Here we have to check result -- null !== $result->getDenormalizedValue() or empty($result->getInvariantViolations()) in case null is a valid result of denormalization.

My first approach was to throw specific exceptions instead (see #38165). The implementation was not very different and there was still overhead to check what happened in the nested denormalizers. Instead of checking what kind of result was returned, one would have to check whether a specific exception was thrown.

My main concern about that is that throwing an exception breaks the regular execution flow and you have no guarantee that it comes from the denormalizer that was just called. Maybe some deeper denormalizer actually thrown it and it wasn't catched by the denormalizer you called. This could lead to unexpected results.

Moreover, using exceptions seemed more like a hack than an actual solution to me.

It is not obviously and not OOP-style at all.

Can you elaborate on that?

One benefit of returning "result" objects is that this can more easily be checked: if a denormalizer doesn't return a DenormalizationResult instance, we could throw an exception immediatly, this could help third-party denormalizers implement the new workflow. Later we could even decide that the new workflow should become the default and drop the collect_invariant_violations.

Maybe the "result" object API can be improved though. I'm open to suggestions.

greedyivan · 2020-11-04T12:16:44Z

My main concern about that is that throwing an exception breaks the regular execution flow and you have no guarantee that it comes from the denormalizer that was just called. Maybe some deeper denormalizer actually thrown it and it wasn't catched by the denormalizer you called. This could lead to unexpected results.
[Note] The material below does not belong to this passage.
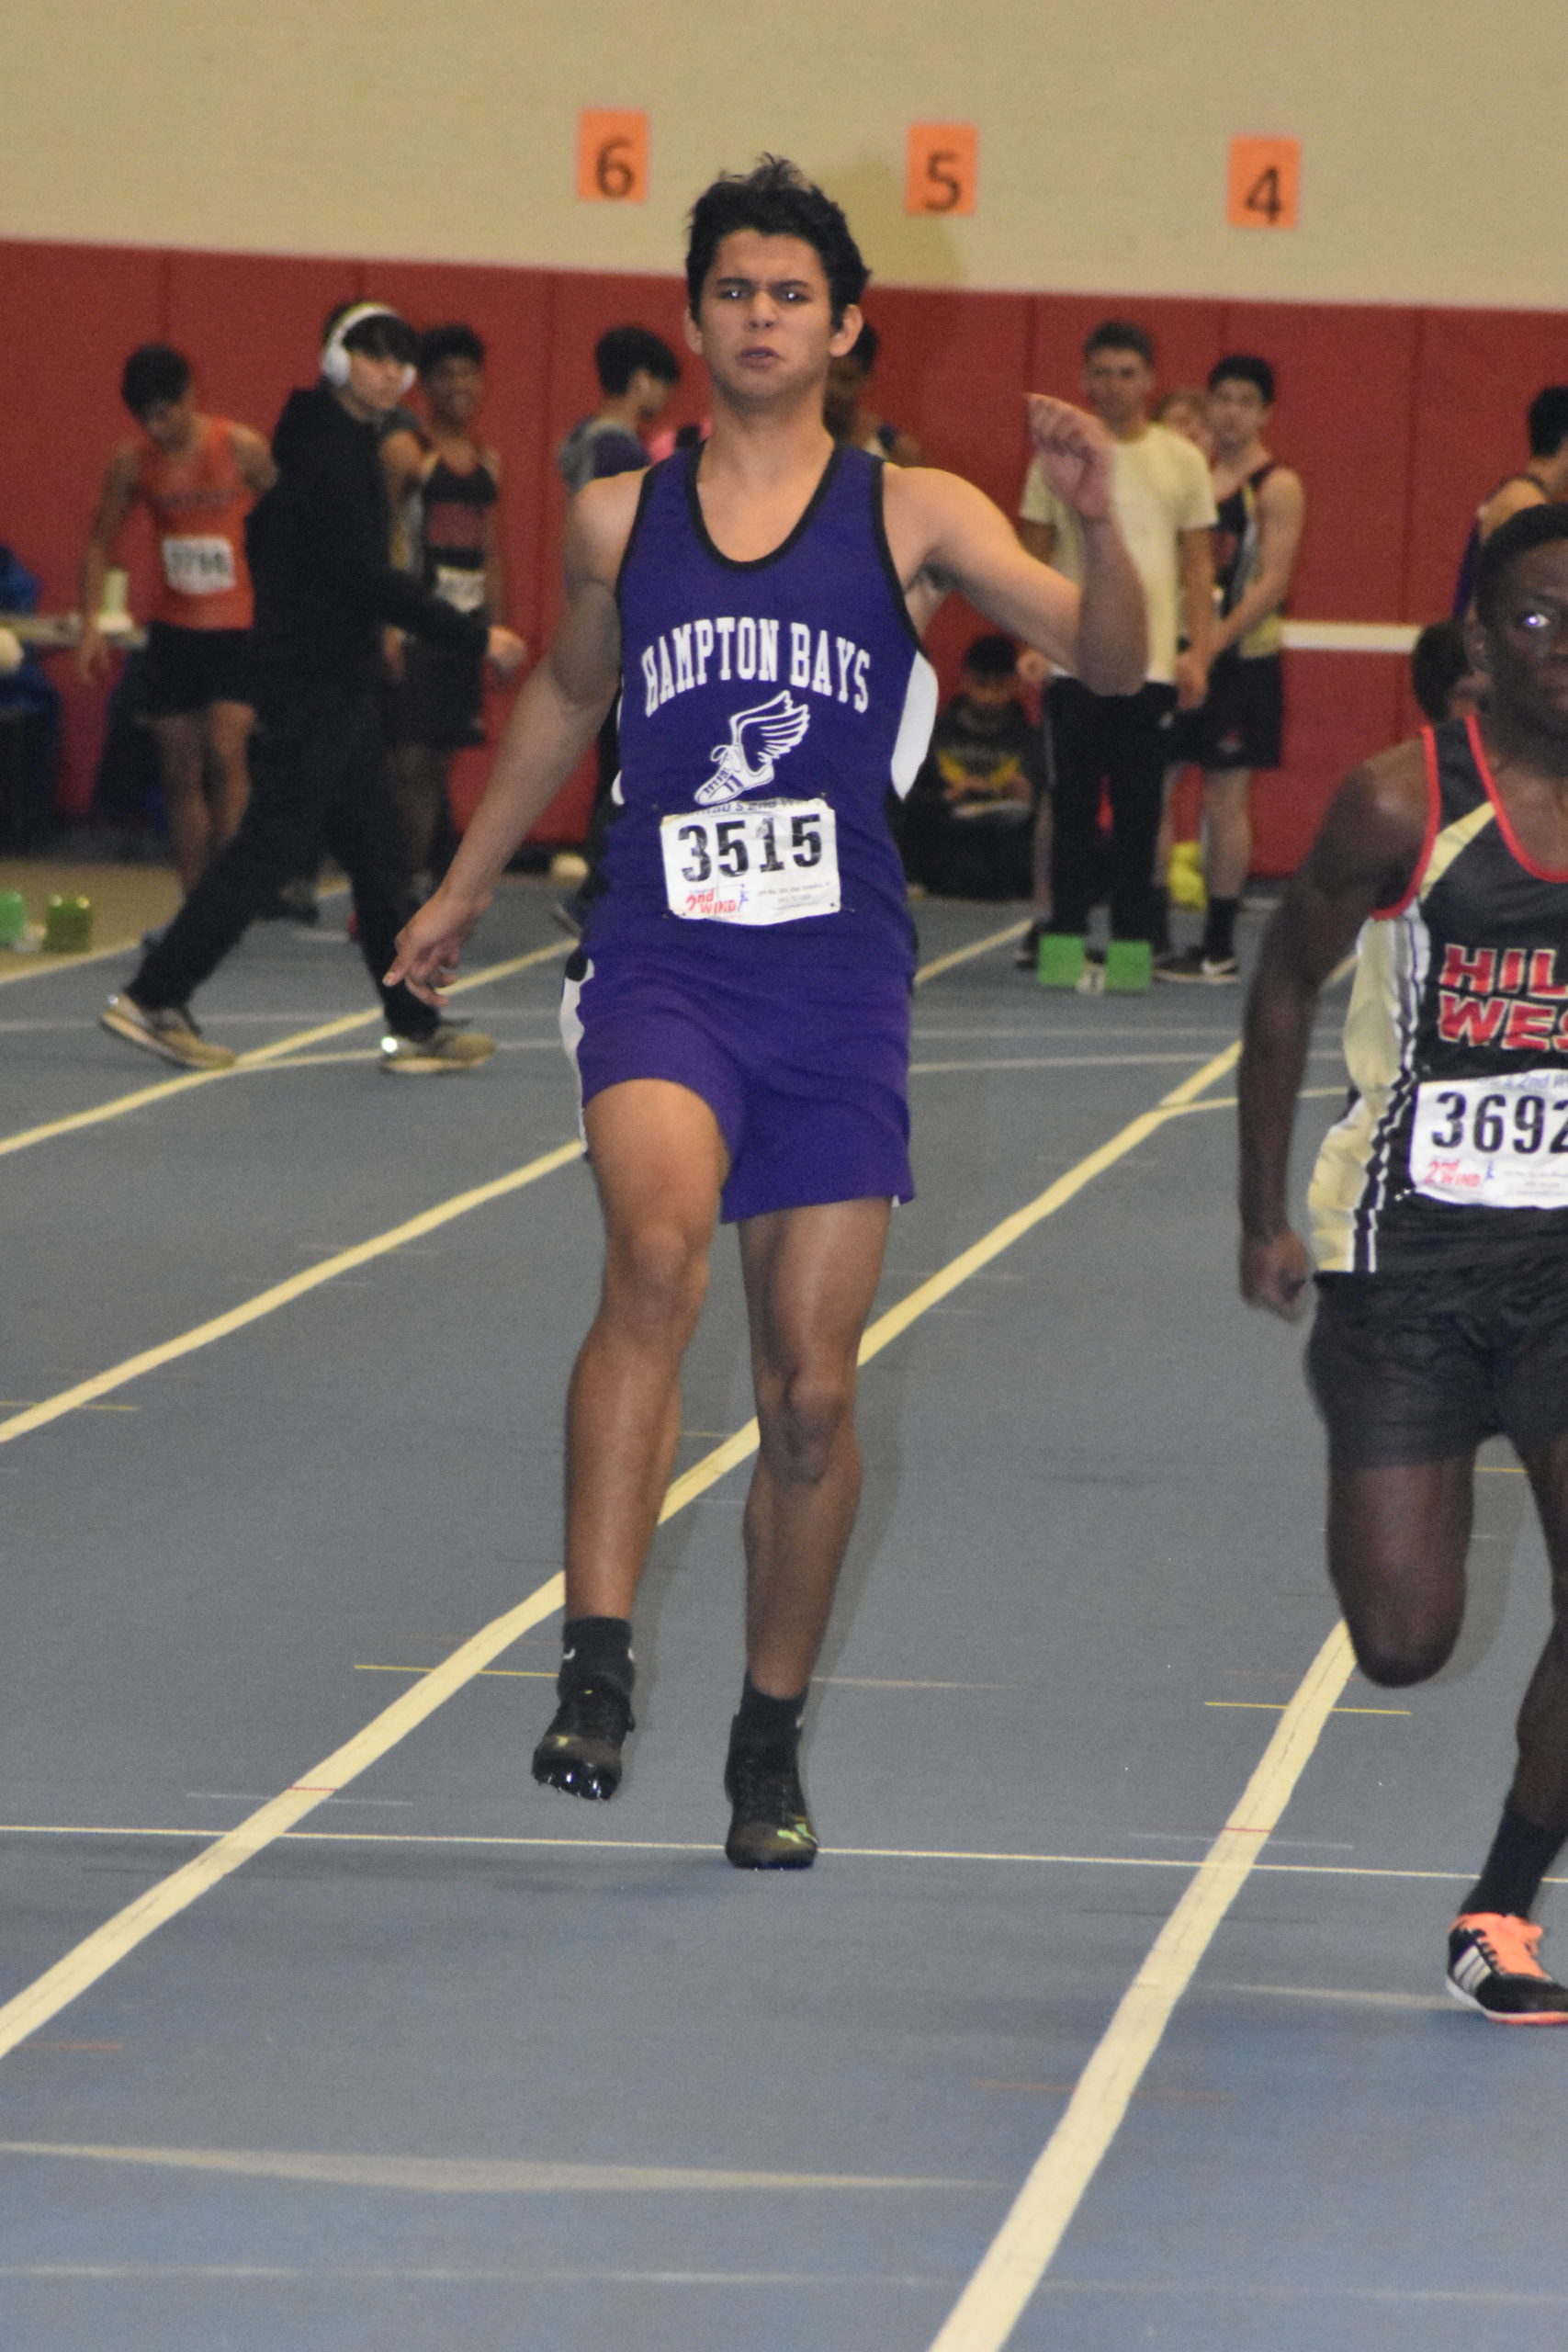 Hampton Bays junior Darwin Fernandez pulls up lame in the 55-meter dash. He wound up pulling his hamstring and has to scratch himself from the 600-meter run.
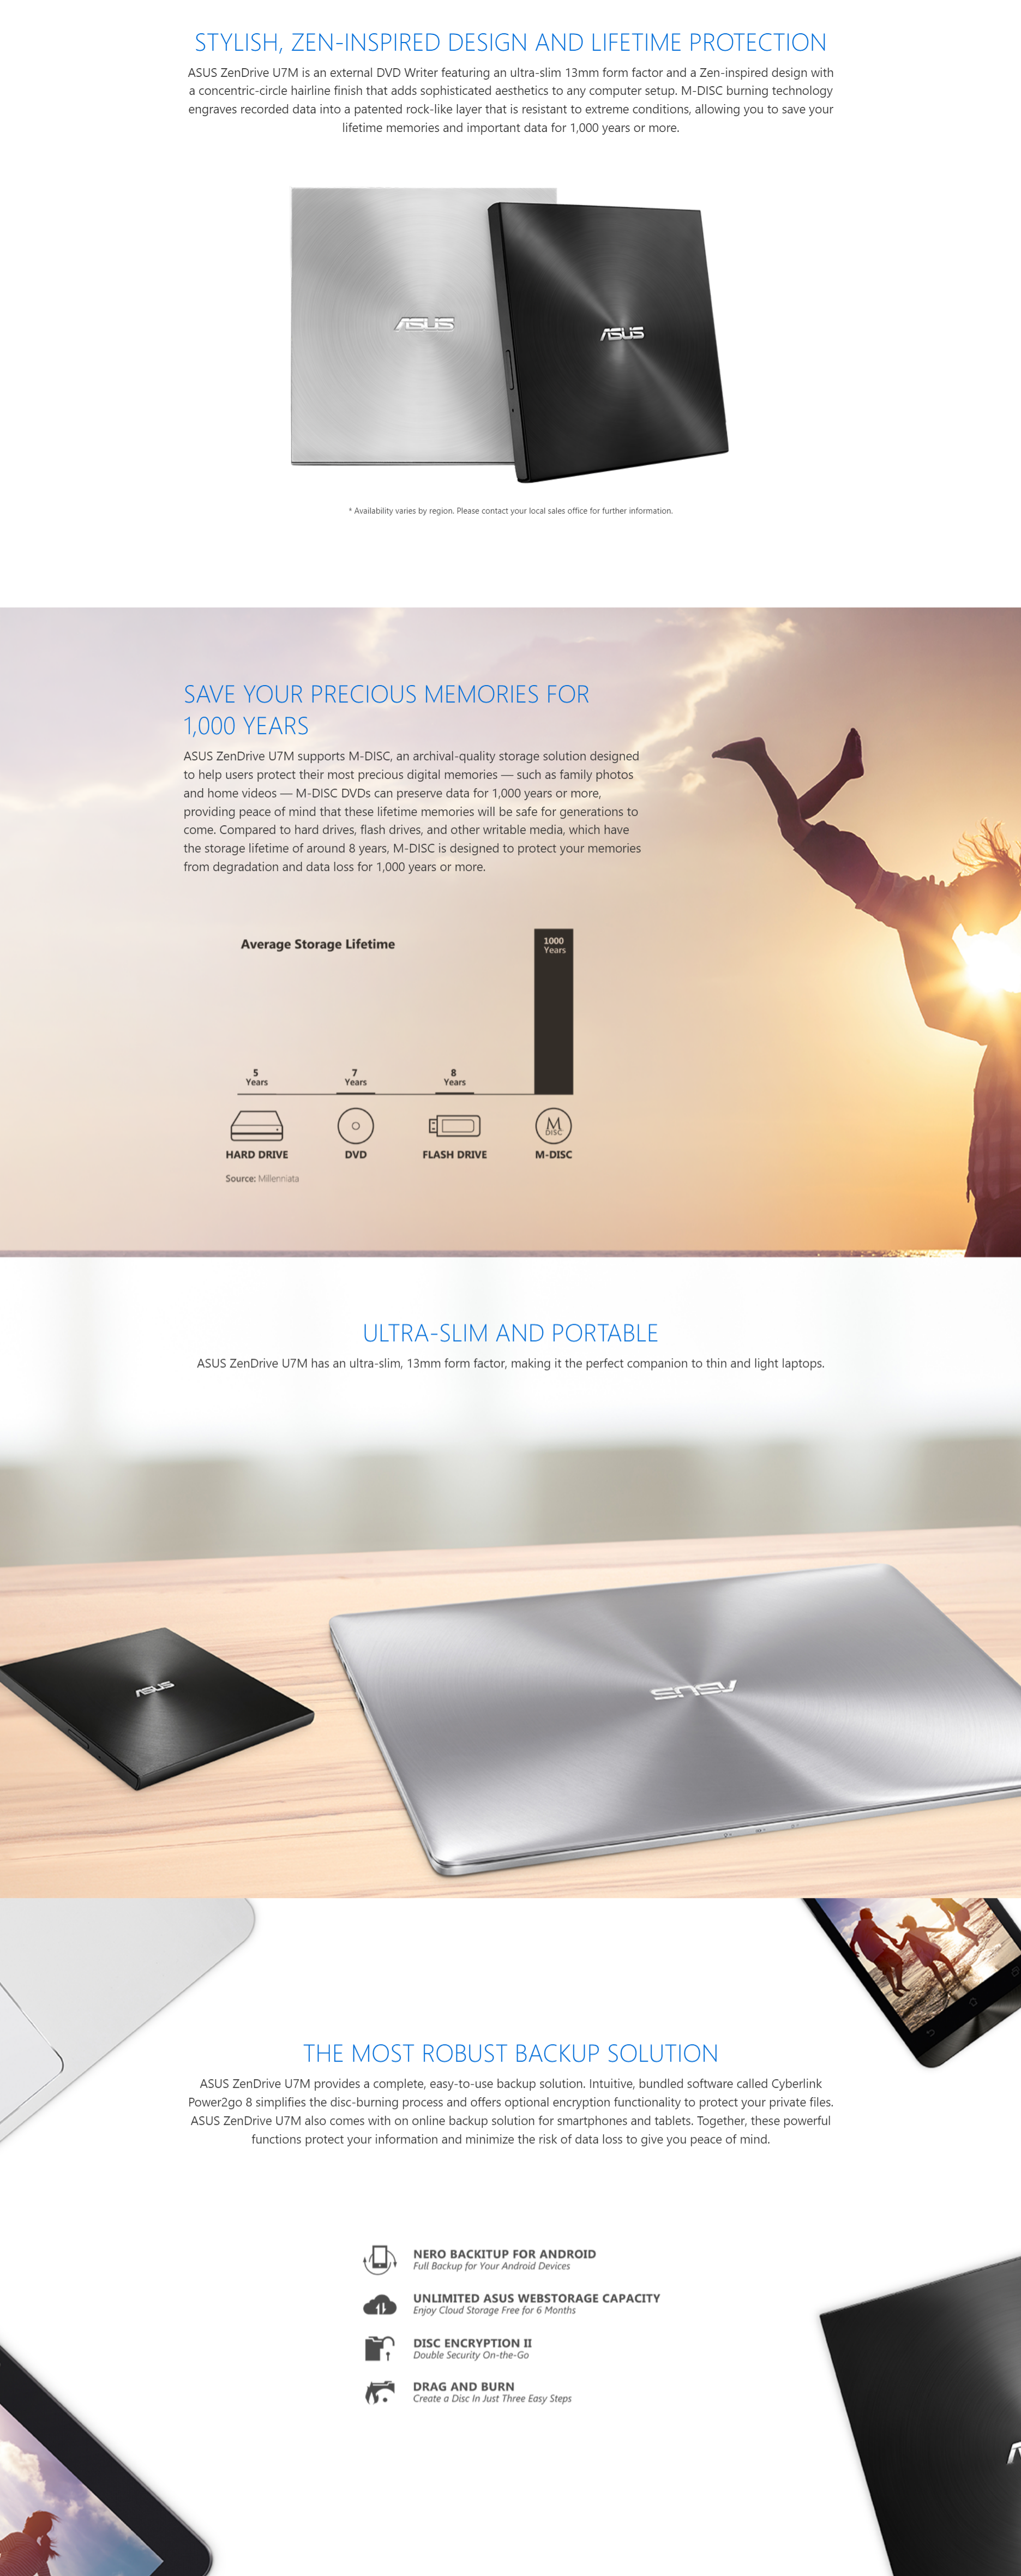 A large marketing image providing additional information about the product ASUS ZenDrive U7M External USB2.0 DVD Writer - Additional alt info not provided

Moreover, using exceptions seemed more like a hack than an actual solution to me.

That is return to that time when you have to use json_last_error after using json_decode.

That boilerplate code should be incapsulated in the library, and don't bother a client each time when it want to denormalize something.

I wrote another simple solution for that: #38968

It collects exceptions from both internal objects and types.
It collects only those exceptions that is marked for that explicitly.
It collects exceptions from initialization with constuctor.
It is more backward compatible, cause it violates only cases which explicitly want some kind of exceptions from serializer. It introduces a new one.

I'm not insist, but that solution is more appreciated to use with json-to-dto task, cause it will return a full list of fields, which cannot be denormalized.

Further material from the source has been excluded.